Espelhos (clique)

Por: José Carlos Sebe Bom Meihy


Sebe desvenda um Lobato desconhecido por muitos dos seus estudiosos. E, ao desvendá-lo, corre o resco de atrair para si críticas daqueles que não admitem a existência de um Locaro mais humano e menos nacionalista.

É bom saber que não sou o único a me emocionar com Nova York. Não. Há deslumbrados mais ilustres. Muitos. Nenhum, contudo, chega perto do nosso José Bento Monteiro Lobato. Aliás, é bom tocar neste tema para poder levantar questões que nem sempre são presentes na consideração do nosso escritor querido.

Creio ser Lobato, para os biógrafos, um dos personagens mais difíceis de nosso quadro literário. Desafio complexo, visto sempre como alguém resoluto, firme e coerente, seus admiradores o cultuam de maneira a jogar fora detalhes que, certamente, mostrariam a complexidade de um brasileiro perdido entre a modernidade pretendida – metaforizada pela busca do petróleo – e a heranca conservadora – de um filho de fazendeiros do Vale do Paraiba cafeeiro. De toda forma, a marca mais evidente de Lobato e seu nacionalismo quase nunca contestado. Como o mais completo “bandeirante da brasilidade”, seus biógrafos nunca consideram alguns textos seus, em particular as cartas, que apontariam para um homem mais repartido do que se supõe na inocência da laudação cristalizada.

A fim de evidenciar a fecundidade do tema convém recortar um momento da vida do nosso autor que depois de falido teve a ajuda de amigos para se tornar Adido Comercial do Brasil em Nova York. Entre 1927 e 1931, Lobato residiu em Queens, em Astoria, exatamente na região onde hoje os brasileiros se multiplicam alarmando um dos mais graves problemas de nossa realidade. De lá também redigiu cartas ao amigo querido Anísio Teixeira que aliás conheceu quando este fazia seus estudos na Universidade de Colúmbia. Nessas páginas Lobato delirava e vertia em palavras sua paixão pela cidade. E haja adjetivos, exclamações e outros recursos para dar vazão ao amor por onde estava. Mesmo sendo breve, vale recortar passagens que traduzem isto. É de Lobato, por exemplo a frase estarrecedora de que “um dia em Nova York vale uma vida no Brasil – pelo menos ensina mais que ela” e é dele também a descrição quase encantada “tenho a impressão de que todas as estrelas do céu se acamaram no solo de Manhattan e arredores. Lá está Brooklyn! Lá está Queens!... mas é um espetáculo único”. E o que dizer da dor presumida de uma volta ao Brasil assim registrada “estou gozando de tal modo Nova York que receio isso seja presentimento de regresso à pátria no próximo ano. Que pena será. ‘Never more’ Times pela manhã, nem rádio (e estou com um excelente rádio novo), nem a inalação diária destes fluidos eufóricos sobre os quais tanto conversamos aqui”.
E foi o próprio Lobato que em um de seus arroubos corriqueiros não vacilou ao anunciar que abriria um restaurante em Nova York. Situando-o no número 60 da Greewich Street, o suposto estabelecimento funcionaria com o nome de “Brazilian Garden Coffee House” fato, aliás, que sugere o intuito emigratório da família.

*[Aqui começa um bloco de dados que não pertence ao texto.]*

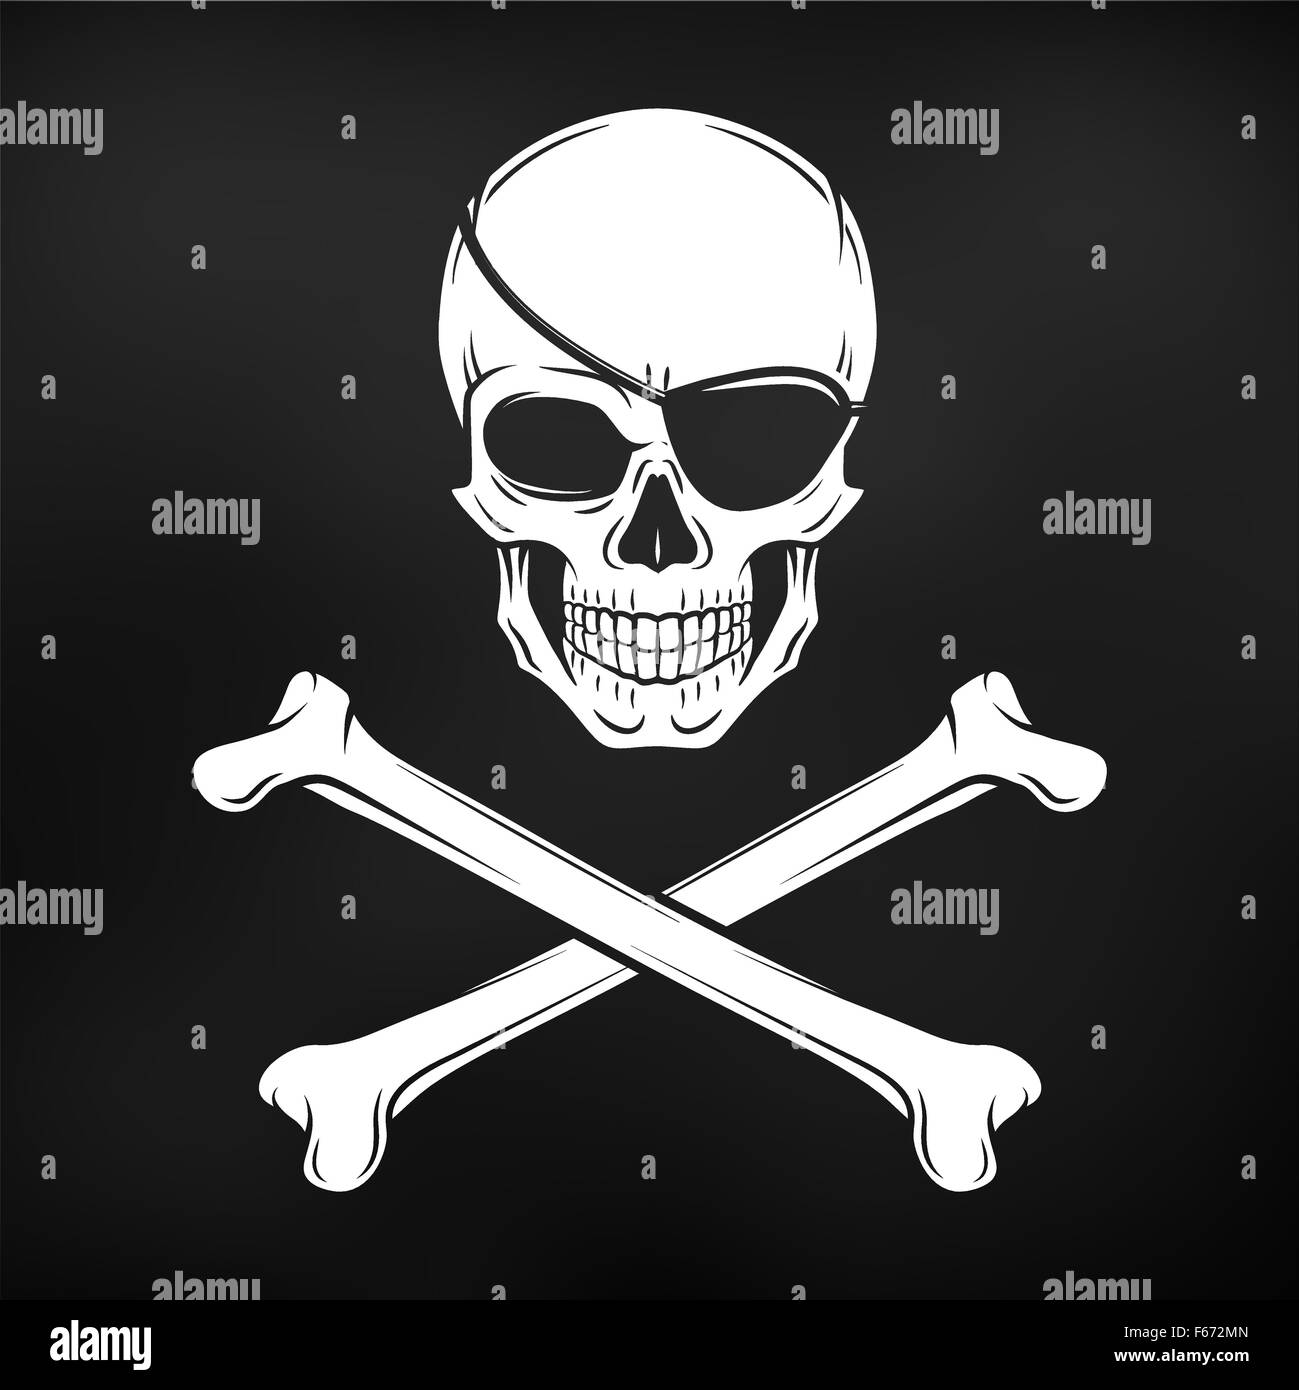 Bandera Pirata Deshilachada Negra Con El Cráneo Y Los Huesos Ilustraciones  svg, vectoriales, clip art vectorizado libre de derechos. Image 80225254

Fato concreto é que Lobato voltou em 1931. Tendo escrito depois muitos textos sobre os Estados Unidos, sem dúvidas “América”, mais que todos merece destaque. Na mesma linha é de apontar que se estes aspectos fossem considerados, certamente, teríamos não só um Lobato mais completo, mas também, um personagem mais humano. Afinal, quem não se apaixona por Nova York?